Trump made his seventh visit to the state on Saturday, holding a rally in Waukesha. On Tuesday, he plans to make another stop in West Salem, near La Crosse.
As with previous polls, there remains a considerable difference between Biden and Trump voters with regard to what Wisconsinites view as the most important issues facing the country.
The coronavirus outbreak was selected as the most important issue facing the nation by 52% of respondents likely to vote for Biden. Health care and the economy were the next closest issues, with 13% and 10%, respectively.
Among likely Trump voters, the economy was the top issue at 45%, followed by the outbreak at 19%. Supreme Court appointments were the third-biggest issue at 9%.
Madison resident Madelyn Spindler, 22, recently graduated from UW-Waukesha and is working at Kwik Trip. Spindler said her enthusiasm for Biden has grown in the last several months — the vice presidential pick of California Sen. Kamala Harris brought more energy to Biden’s campaign, and made her excited about the Democratic ticket.
Spindler said she has grown increasingly frustrated with Trump after the president refused to condemn white supremacy during the first presidential debate and downplayed the COVID-19 pandemic even after testing positive. She said Trump has not shown leadership during the outbreak, and she thinks Biden will.
“We just need a leader that has been taking the right precautions from the beginning,” Spindler said.
Asked who is most at fault for the spread of COVID-19, which has killed 1,770 Wisconsinites and infected more than 190,000, 77% of likely Biden voters pointed the blame at Trump, compared with only 2% of respondents likely to vote for the president.

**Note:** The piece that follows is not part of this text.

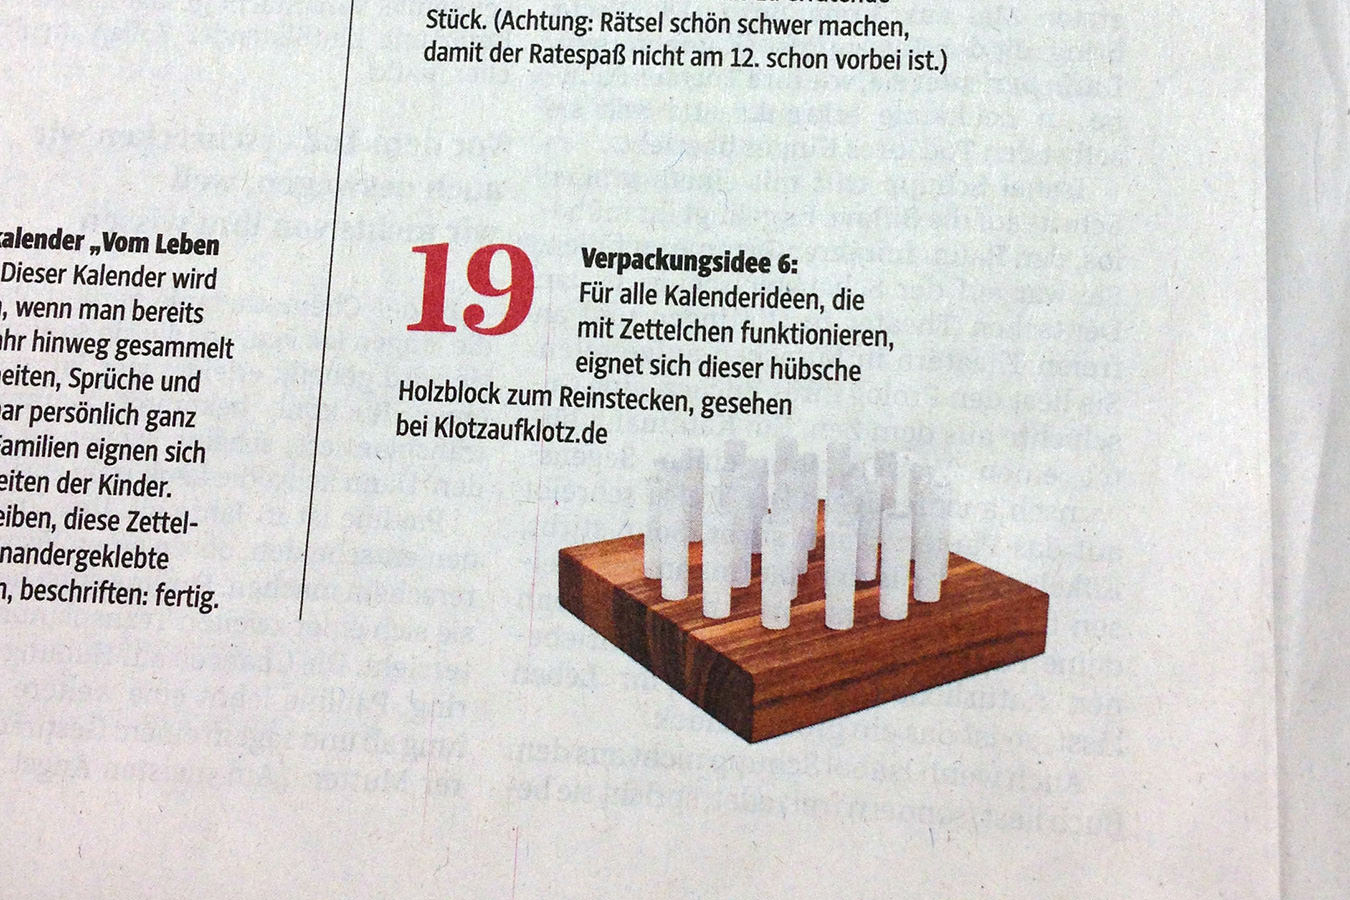 klotzaufklotz in der Süddeutschen Zeitung

Among likely Trump voters, 68% blame the outbreak on China — marking a shift away from previous polling where more blame was placed on Congress and state governments.
Tim Garcia, a 41-year-old project manager from Beaver Dam who identifies as a moderate voter, said he hasn’t changed his mind over the course of the year, and still plans to vote for Trump.
Garcia, who is biracial and voted for Trump in 2016, said he feels equality is one of the top issues facing the country.
“I don’t see him being the racist that people say he is,” Garcia said. “I don’t see him using the name China virus as a bad thing. You hear people still saying the Spanish flu. The Spanish flu didn’t even originate in Spain.”
As with other polls, Trump’s overall job performance remains relatively stable, with 27% of Wisconsin respondents strongly approving of the president’s overall job handling. Another 46% strongly disapprove.
Trump’s handling of the economy also remains consistent, with 35% strongly approving in Wisconsin, compared with 40% who strongly disapprove.
The poll also found eroding support for Gov. Tony Evers’ handling of his job, with 19% strongly approving and 29% strongly disapproving. The state has become a national hotspot for the COVID-19 outbreak. Evers has had his statewide orders to control the virus blocked by the Supreme Court and not taken up by the Republican-controlled Legislature.
Waunakee resident Mike Byrnes, 63, said in February that he planned to vote for Trump, while his wife, Dee, planned to vote for Biden. But by the end of September they were both leaning toward not voting at all.
Byrnes and his wife own a bar in the village of Dane and have been struggling due to the COVID-19 pandemic. They’ve had to dip into their personal savings to keep their small business going.
Byrnes said the experience has made him lose trust in politicians because Evers — whom Byrnes voted for — said he would support taverns. Byrnes said the state hasn’t provided him with much support, and he doesn’t want to vote for another politician who would leave him out to dry. He’s not confident Trump would do anything to help his small business.
“We’re in a world of (expletive) right now. We really are,” Byrnes said. “And I don’t think Biden or Trump, they don’t understand what’s going on.”
State Journal reporters Emily Hamer and Riley Vetterkind contributed to this report.